# Can anyone reccommend a site where I can buy cheap HM Betta's?



## anasfire23 (Jan 19, 2005)

Can anyone suggest a good site where I can buy cheap HM betta's? I've looked around my local area but I just don't think they sell HM's here only veils. I've visited a few sites but once you buy and pay for postage to Australia it'd cost me a fortune to get one. Are there any HM breeders out there in Australia? Or anyone kind enough to send me one? I'm not looking for one with really great breeding or anything, just a basic HM, something pretty. For show more than anything, maybe a lavander, black or green. Really doens't make much difference what colour.

Any replies would be apprectiated

thanks


----------



## thatsfishy (Jan 18, 2005)

Well, you have two brand-new IBC chapters in Australia now ... I'm sure if you get in touch with some of the breeders down there you can get your hands on something suitable. I believe Ausbettas is in the areas of New South Wales, and the Betta Australis folks are from around Queensland, Capital Territory and Victoria, so I'd contact whoever is closer if I were you. Or both, if it doesn't make a difference to you.  Good luck.

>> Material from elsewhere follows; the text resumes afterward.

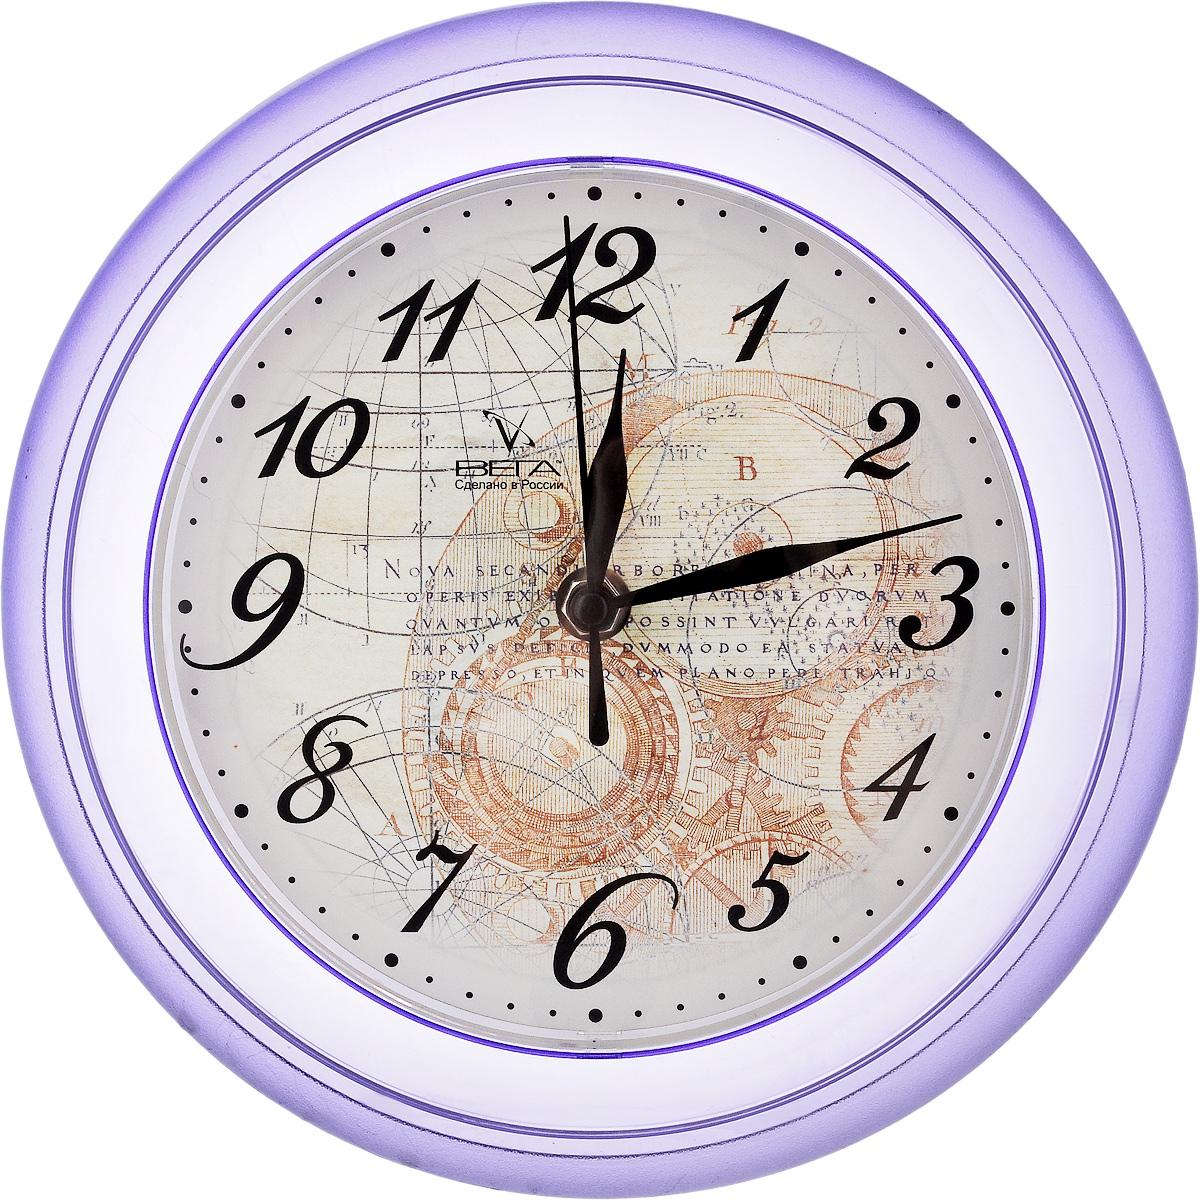 Часы настенные Вега Географические, диаметр 22,5 смП6-13-13Настенные кварцевые часы Вега Географические в классическом дизайне, изготовленные из пластика, прекрасно впишутся в интерьер вашего дома. Круглые часы имеют три стрелки: часовую, минутную и секундную, циферблат защищен прозрачным стеклом. Часы работают от 1 батарейки типа АА напряжением 1,5 В (не входит в комплект). Диаметр часов: 22,5 см.

http://www.ibcbettas.org/chapters.htm#Australia


----------



## (RC) (Jan 18, 2005)

You will not find cheap HM, but you can find some nice fish at a good price that are not HM. At least 90% of all the fish you see labeled "HM" on the internet are not.


RC


----------



## Drift_King (Jan 18, 2005)

if you are in sydney i have only seen 1 and it was $75aus from castle hill, its really difficult to get ure hands on them im kicking myself for not buying that 1, but theres a few shops in sydneys west that may be able to order them for you. Aquarius aquriums in the entrance can get alot of rare fish and at a decent price to.


----------



## anasfire23 (Jan 19, 2005)

I'm on the Gold Coast and $75 for a fish is totally out of my price range. If I had a spare $75 I'd be buying my son clothes or toys not a fish for myself. I'm gonna join a few of the Aussie Betta clubs and hopefully i'll make some contacts and maybe find someone willing to sell me one for cheap.


----------



## olakytrion (Feb 22, 2005)

how can you differentiate between an HM and any other type of betta? is there a 100% fool-proof way to identify them?


----------



## aaa (Jan 19, 2005)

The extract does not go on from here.